Thursday, June 29, 2006


Antonioni, Weaver on Calvino

The other night I popped out to BAM to see one of Antonioni's semi-obscure films, Identification of a Woman (1982). Thematically, it's par for the course: boy meets girl, boy loses girl, boy is devoured by contemporary anomie. Since the boy happens to be a frustrated director, the film takes on a reflexive ripple of autobiographical interest. Still, it remains pretty thin gruel, enlivened only by Antonioni's crisp compositions, a few patches of sneaky comedy, and some energetic rolling in the hay (courtesy of Daniela Silverio, who plays the upper-crust object of desire.) On one level it's about a writer's block, which raises the inevitable comparison with 8 and 1/2. When Fellini (or his fictional proxy) had a breakdown, it was a noisy, messy affair, a carnival of unease. In Antonioni's case, it's more like being trapped in a silent, chrome-and-glass elevator. His proxy, Tomas Milian, spends most of the movie with a pained look on his face, as if his shoes were too tight. In his ancient review, Vincent Canby compared the leading man to "a morose Dudley Moore"--accurate, I must say--and was similarly jocular about the director's mystifying tendencies. "There are still a number of red herrings drying in the sun when the film ends," he writes. (Zing!)
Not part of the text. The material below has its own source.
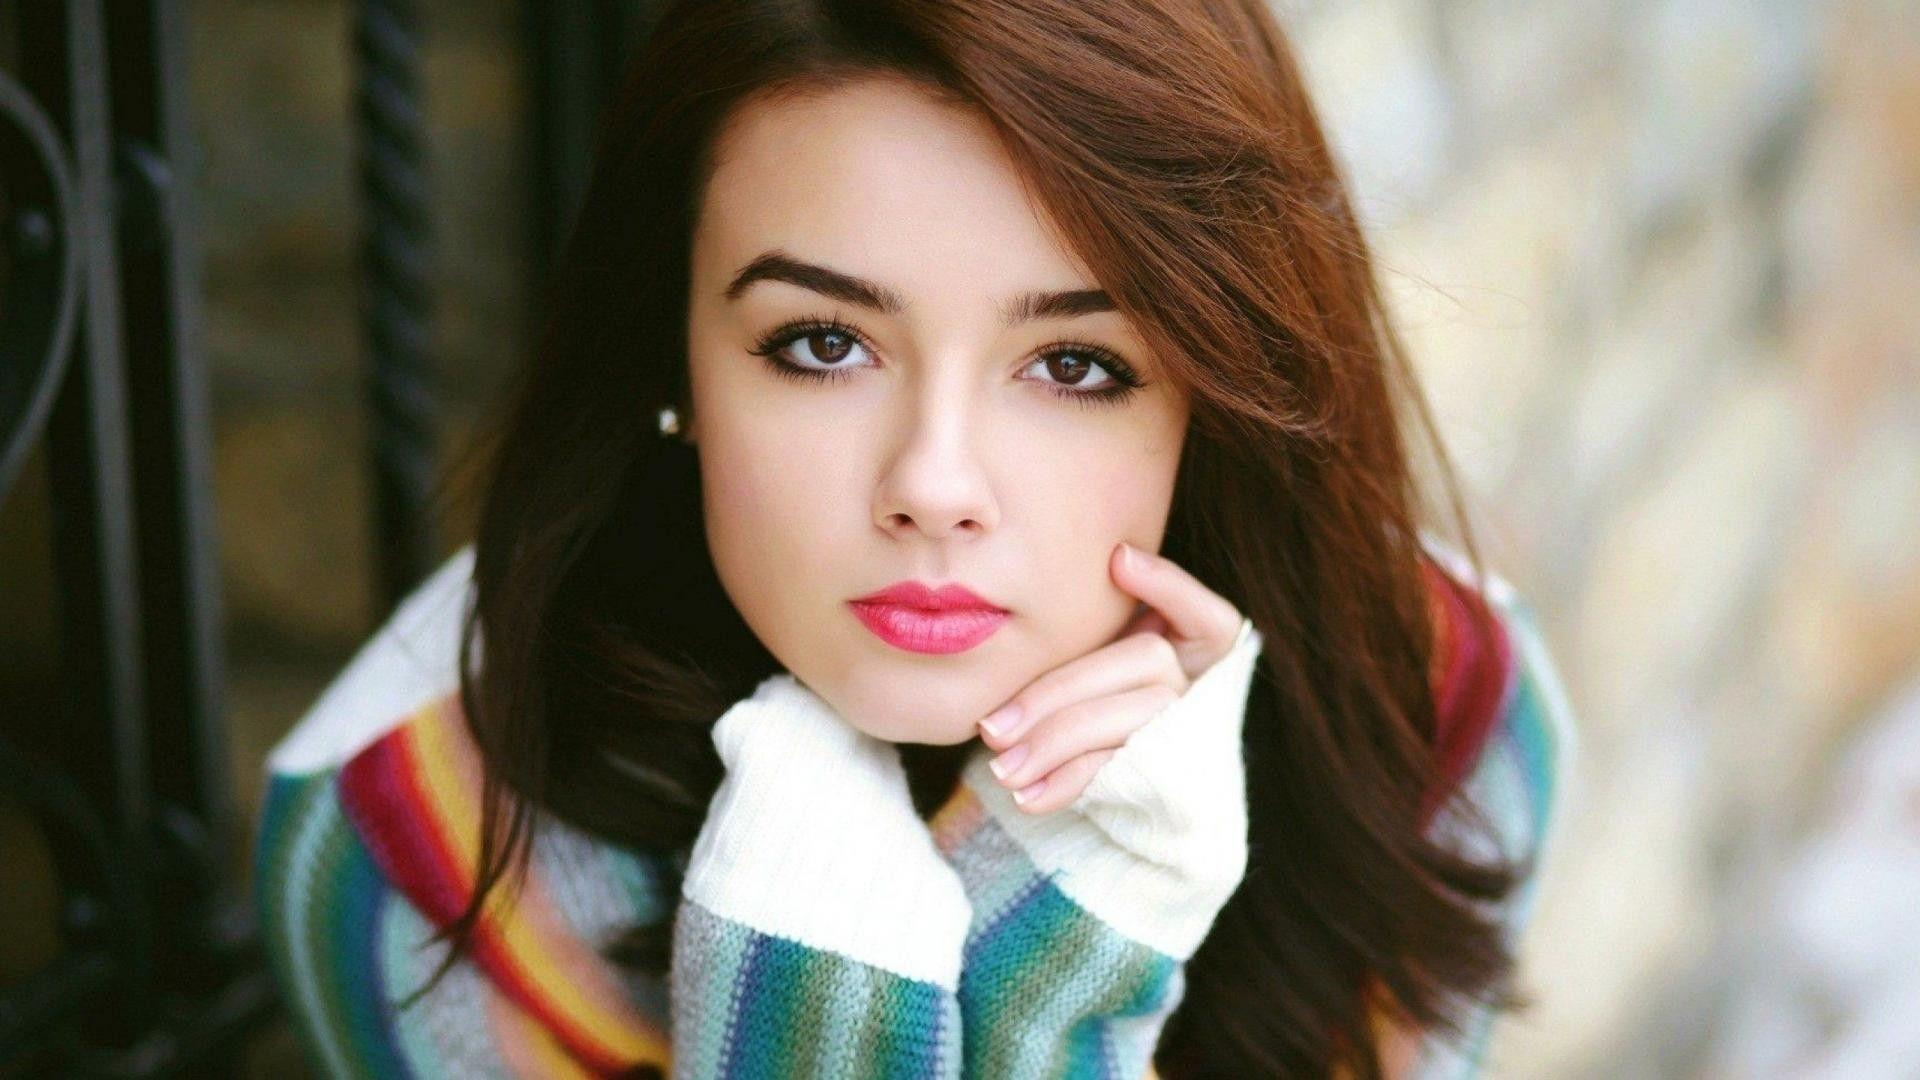 OLLIE: Beautiful girl free download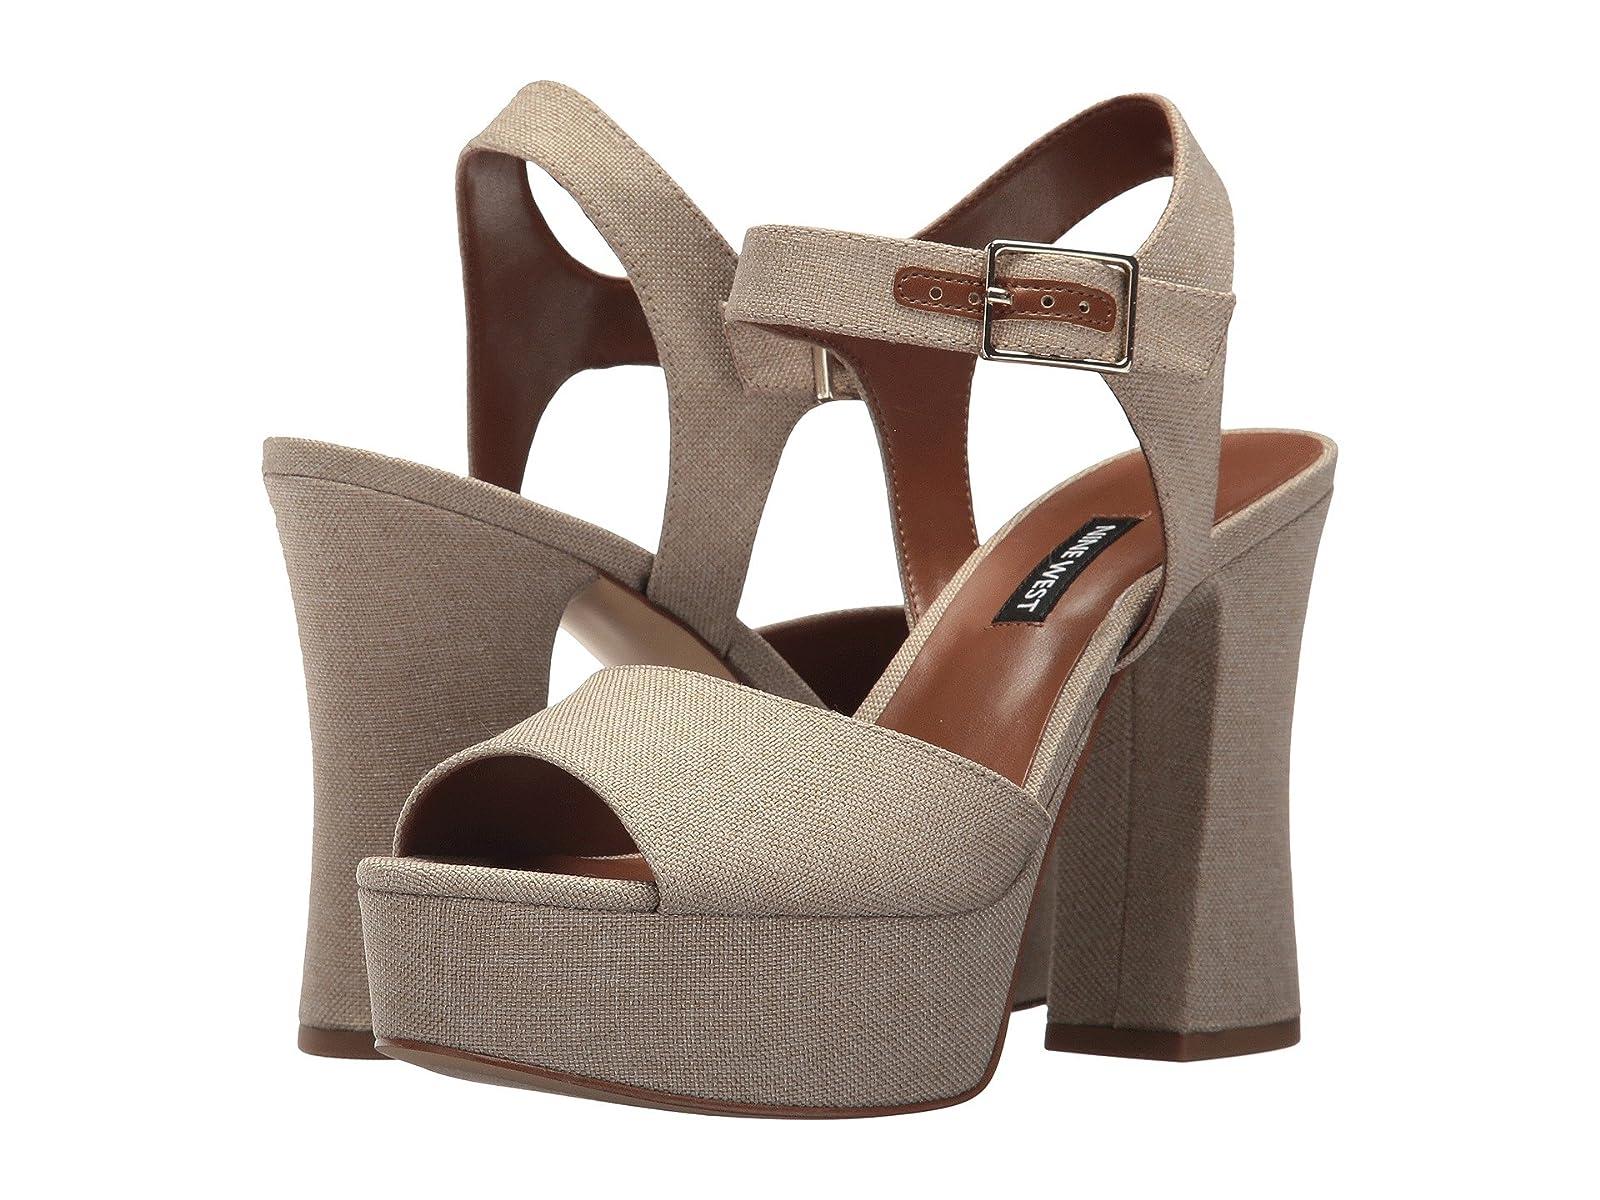 Nine West Wilmarie Platform Heel SandalCheap and distinctive eye-catching shoes

While I was taking a breather from blogging, I came across this brief, touching reflection on Italo Calvino by his customary translator, William Weaver. For the most part he discusses his work on Invisible Cities, whose lucid poetry demanded not only a sharp eye but a hypersensitive ear: "Translating Calvino is an aural exercise as well as a verbal one. It is not a process of turning this Italian noun into that English one, but rather of pursuing a cadence, a rhythm--sometimes regular, sometimes willfully jagged--and trying to catch it, while, like a Wagner villain, it may squirm and change shape in your hands." But this short essay also offers a sidelong glance at Calvino himself, who clearly had zero appetite for small talk:
Our conversations were always a pleasure for me, though Calvino was anything but a conversationalist. In literary circles, hostesses exchanged horrified stories of his agonizing silences, which could freeze an entire dinner table. Calvino--it seemed to me--did not enjoy talking with me about his writing except at the basic, dictionary level of our working encounters. During one of these, a meeting at his house in Square du Chatillon in Paris, I unwittingly overstepped the bounds; I casually asked him if he was working on something new. Calvino froze, cleared his throat nervously, hemmed, hawed, then finally muttered, almost growling: "I'm thinking about some cities." I quickly redirected the talk to the problems at hand.

Italo Calvito has also been my favorite writer. If you wana read the best, read his novels Invisible Cities (1972) and If on a winter's night a traveler (1979). They are absolutely fantastic. Thanks alot for this great sharing.